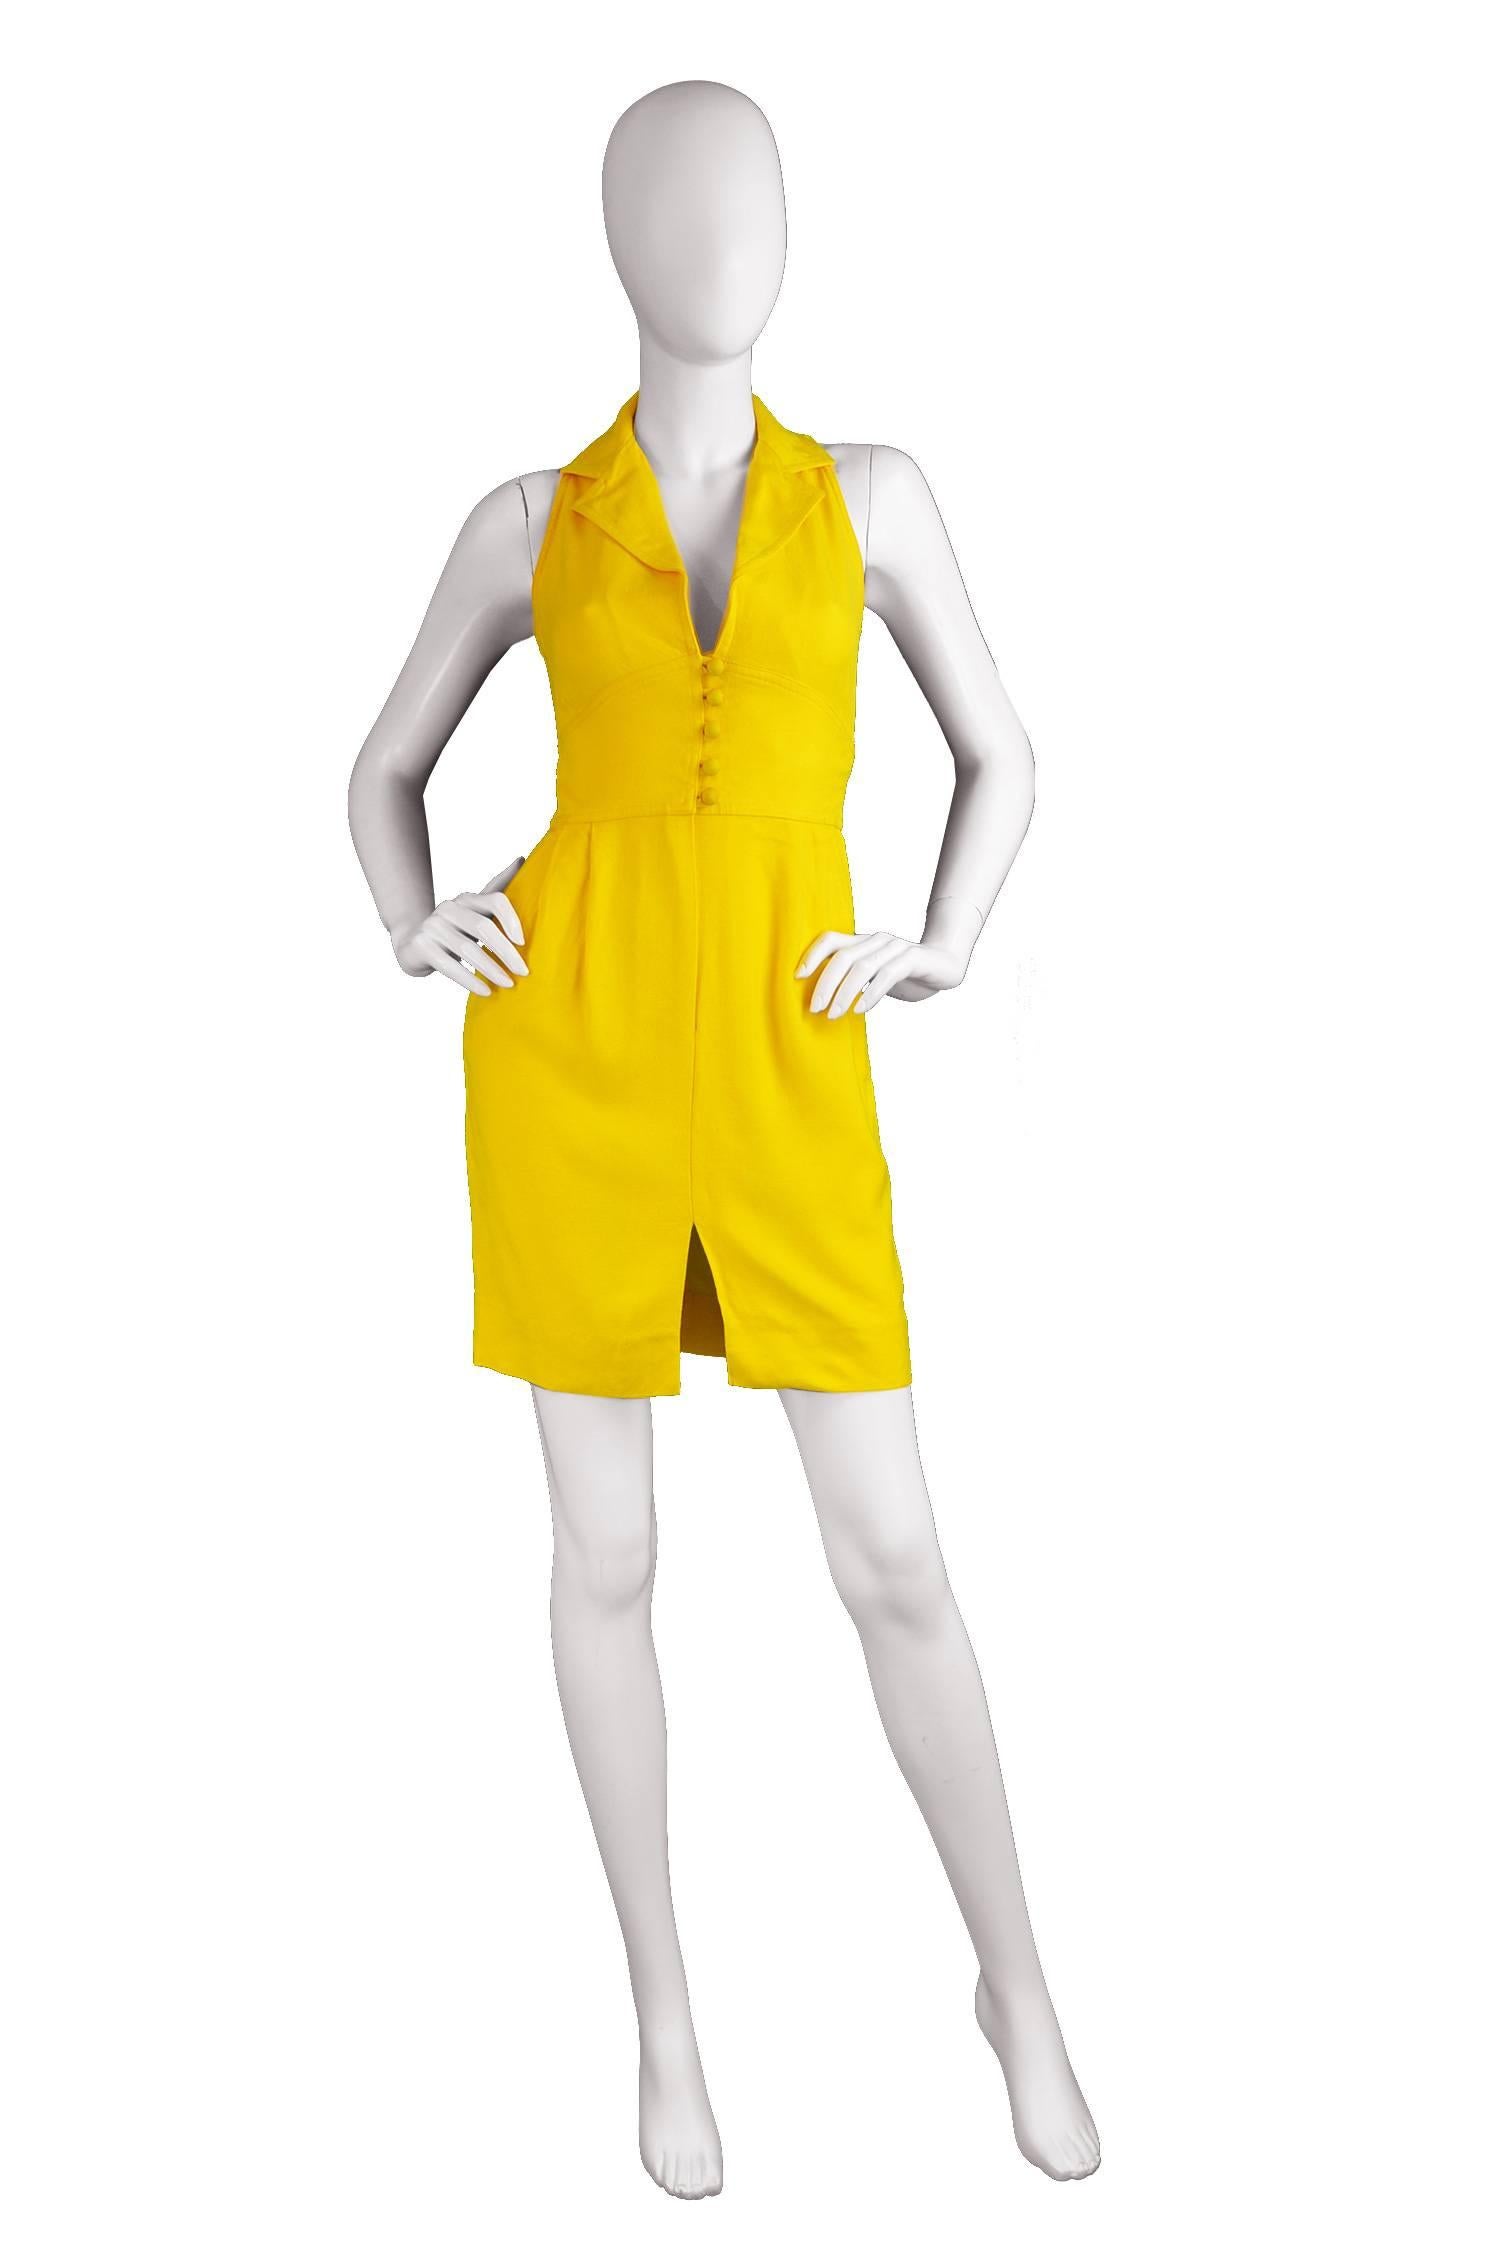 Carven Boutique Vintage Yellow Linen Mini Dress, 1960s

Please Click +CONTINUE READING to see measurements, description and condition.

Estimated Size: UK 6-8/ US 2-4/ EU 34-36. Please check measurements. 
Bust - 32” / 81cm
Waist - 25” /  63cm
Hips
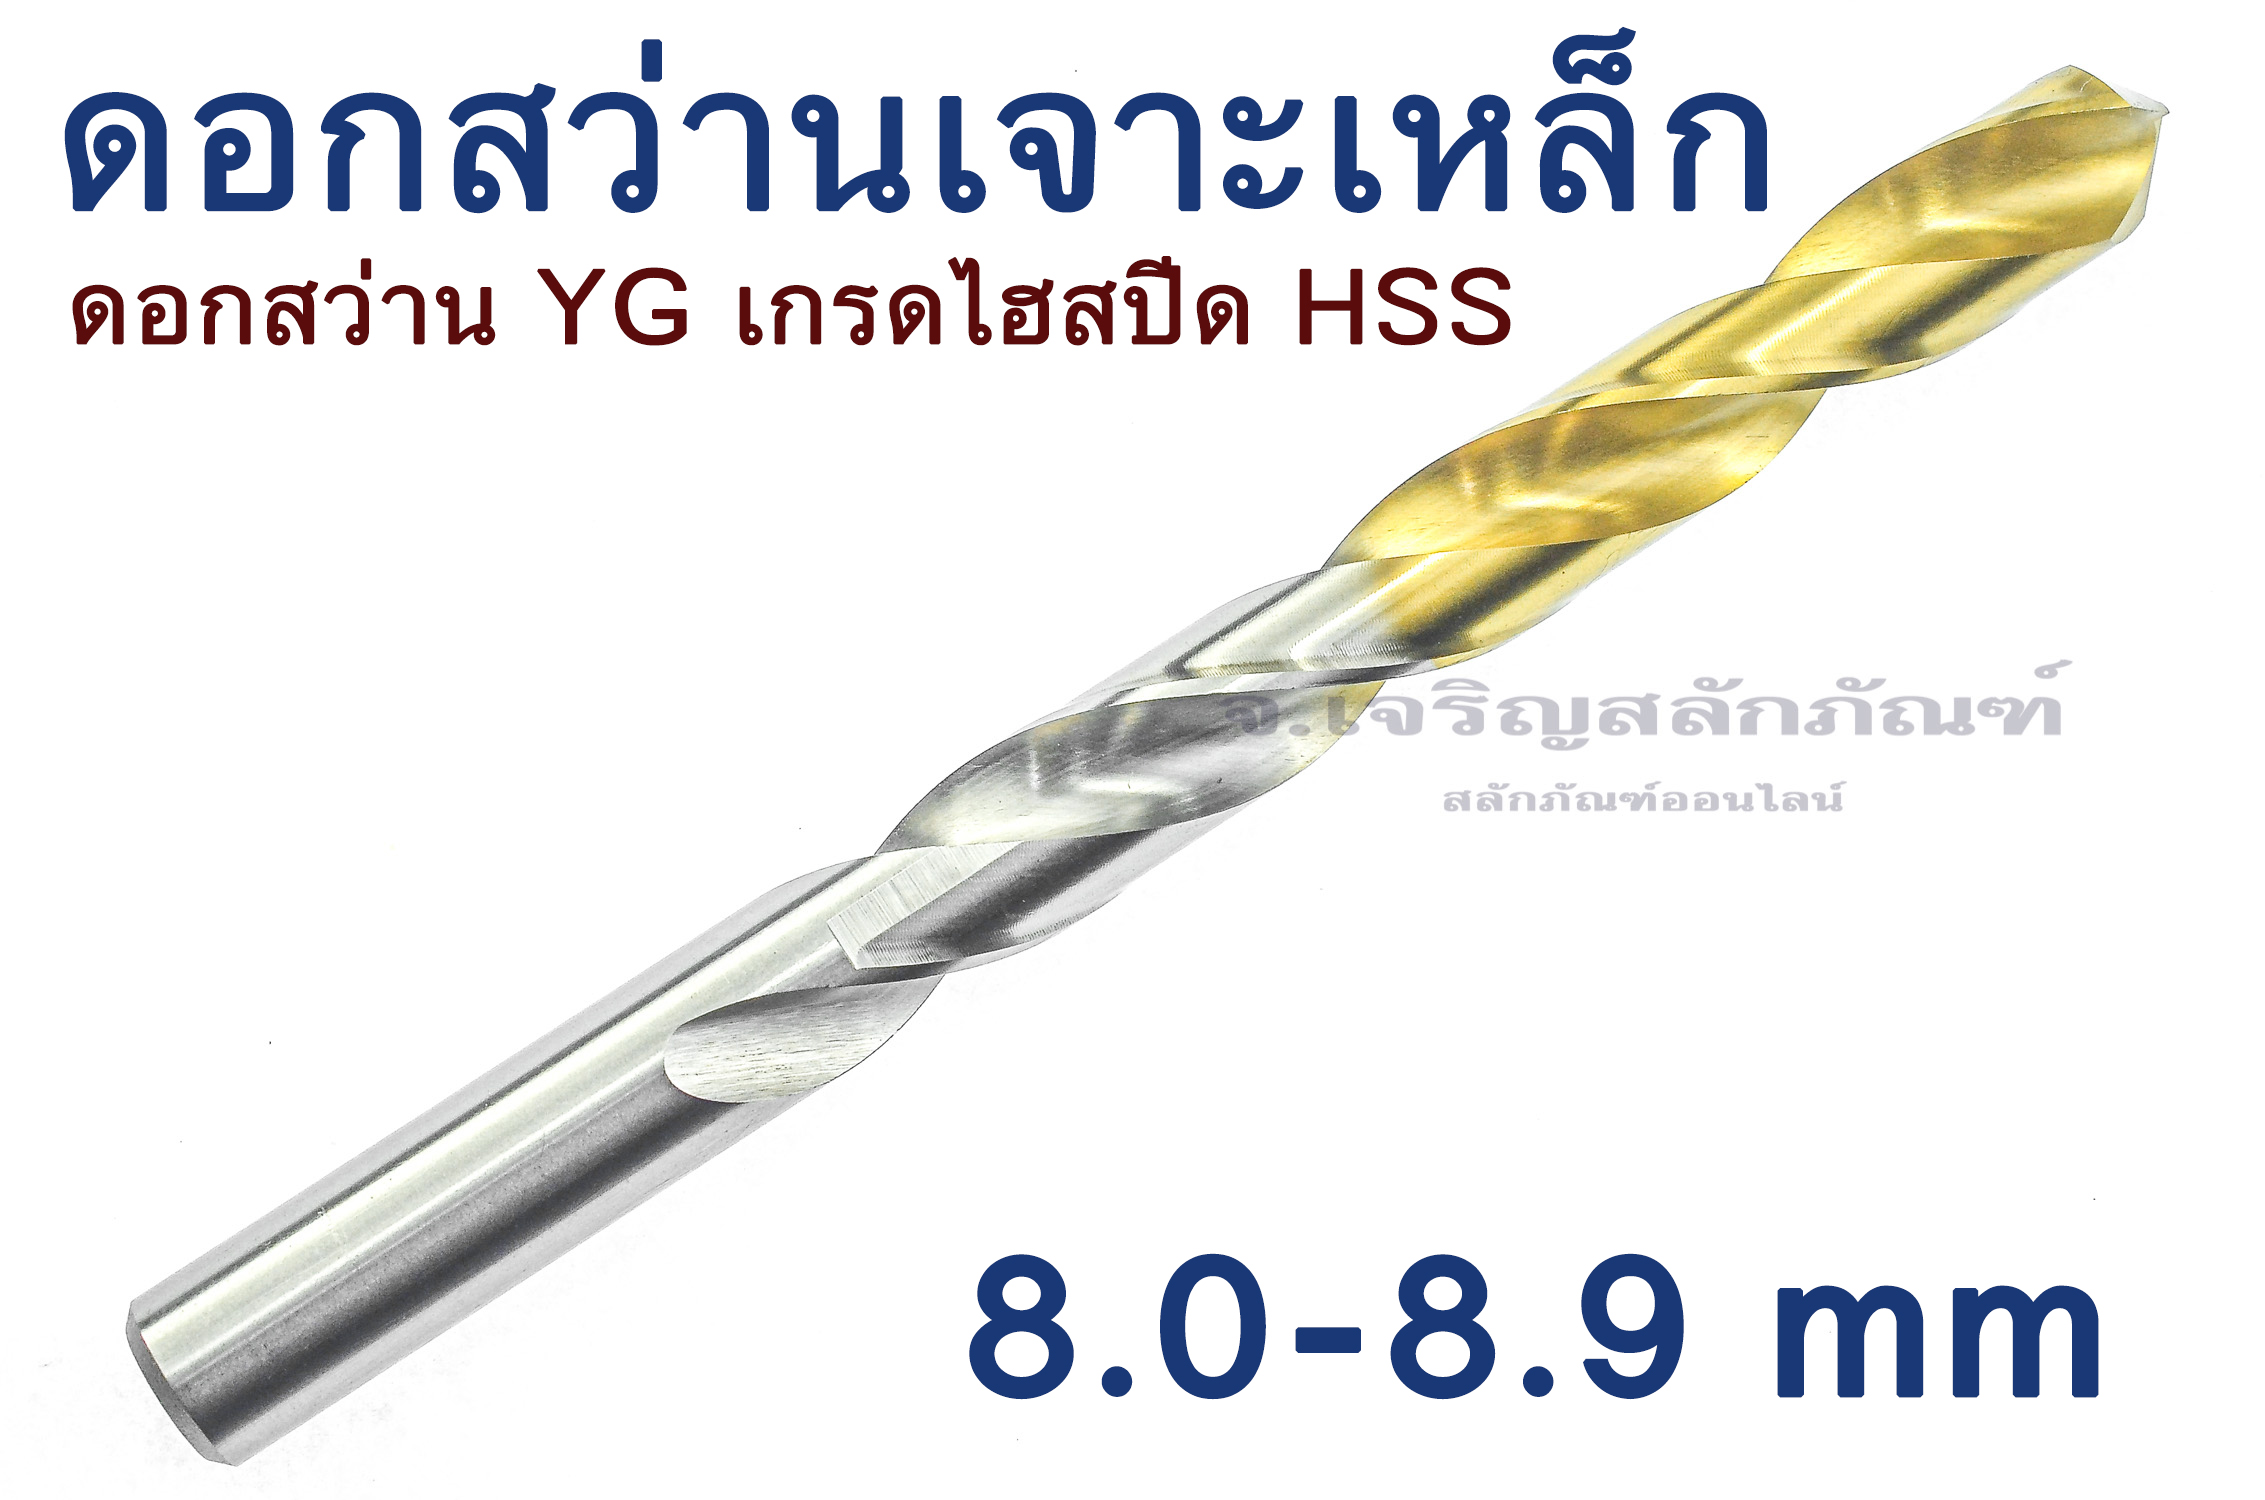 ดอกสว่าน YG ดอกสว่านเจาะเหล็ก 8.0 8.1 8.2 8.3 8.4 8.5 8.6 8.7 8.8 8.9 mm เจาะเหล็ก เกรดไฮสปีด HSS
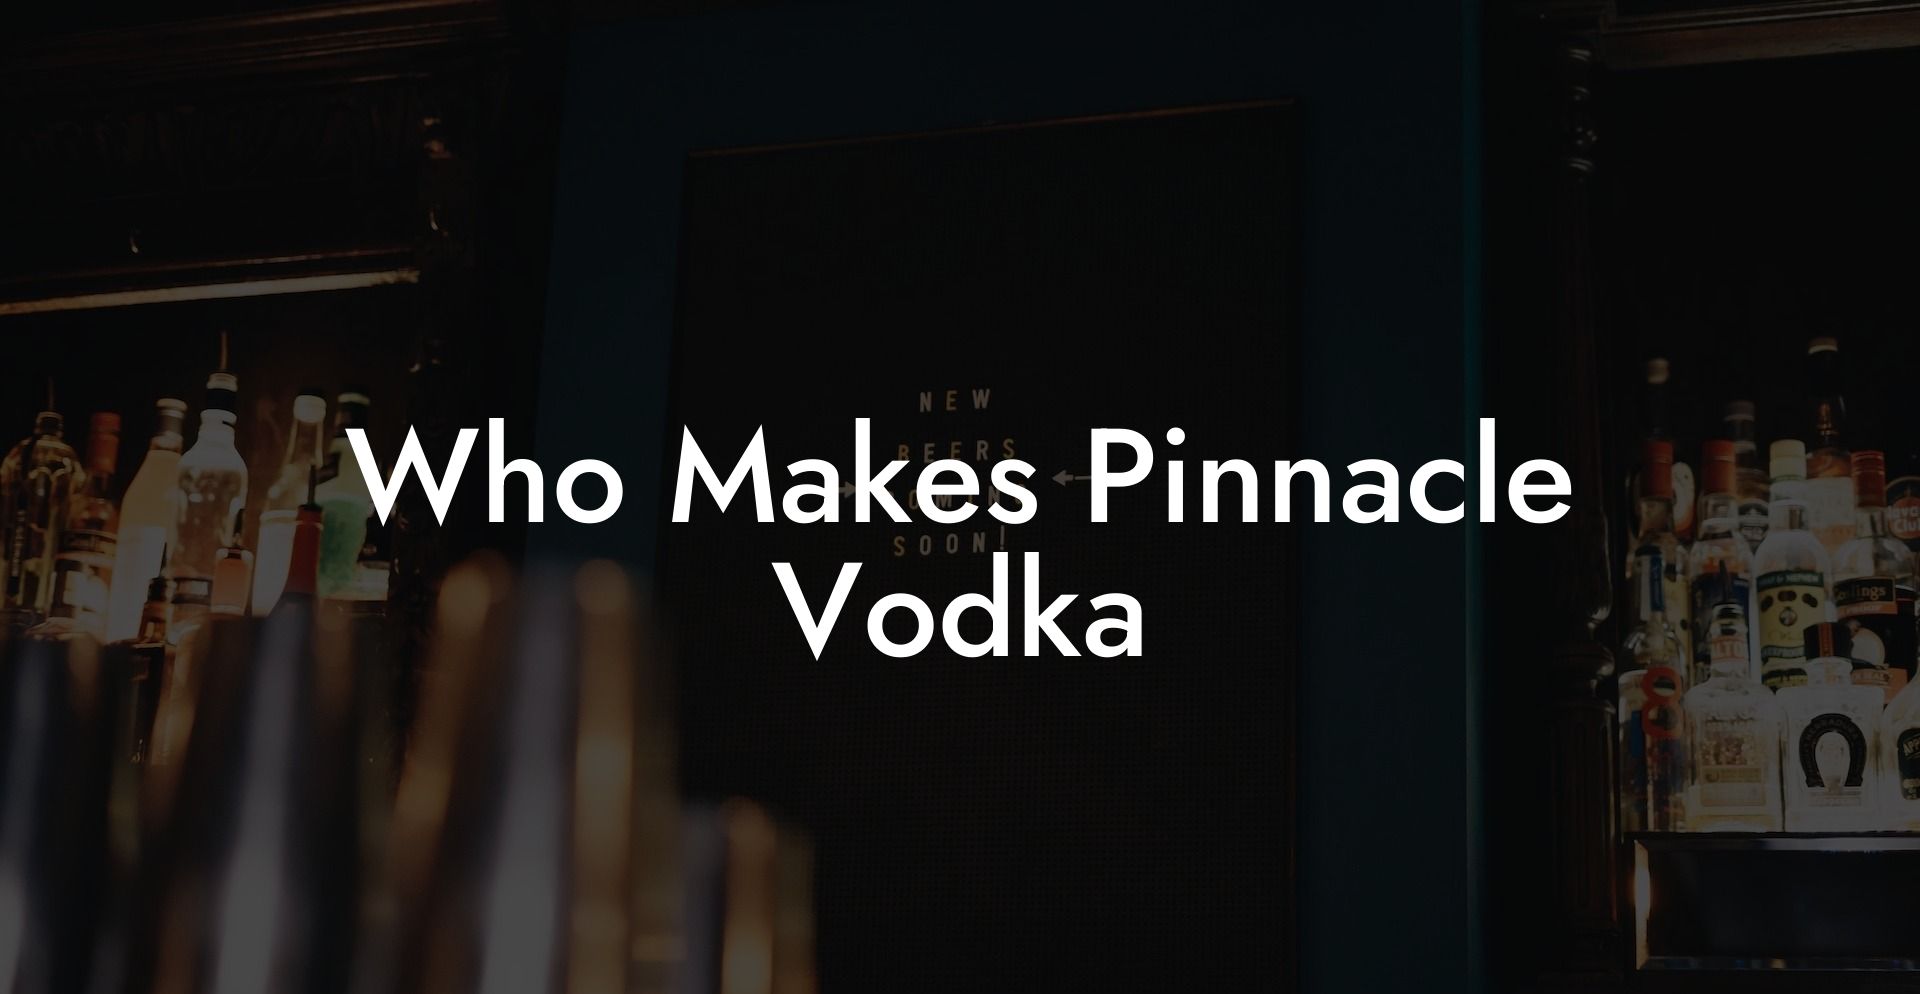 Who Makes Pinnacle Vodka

### [Work item]
For your answer, write out the data exactly and drop every picture.

### [Response area]
 Carven Boutique Vintage Yellow Linen Mini Dress, 1960s

Please Click +CONTINUE READING to see measurements, description and condition.

Estimated Size: UK 6-8/ US 2-4/ EU 34-36. Please check measurements. 
Bust - 32” / 81cm
Waist - 25” /  63cm
Hips
 ดอกสว่าน YG ดอกสว่านเจาะเหล็ก 8.0 8.1 8.2 8.3 8.4 8.5 8.6 8.7 8.8 8.9 mm เจาะเหล็ก เกรดไฮสปีด HSS
 Who Makes Pinnacle Vodka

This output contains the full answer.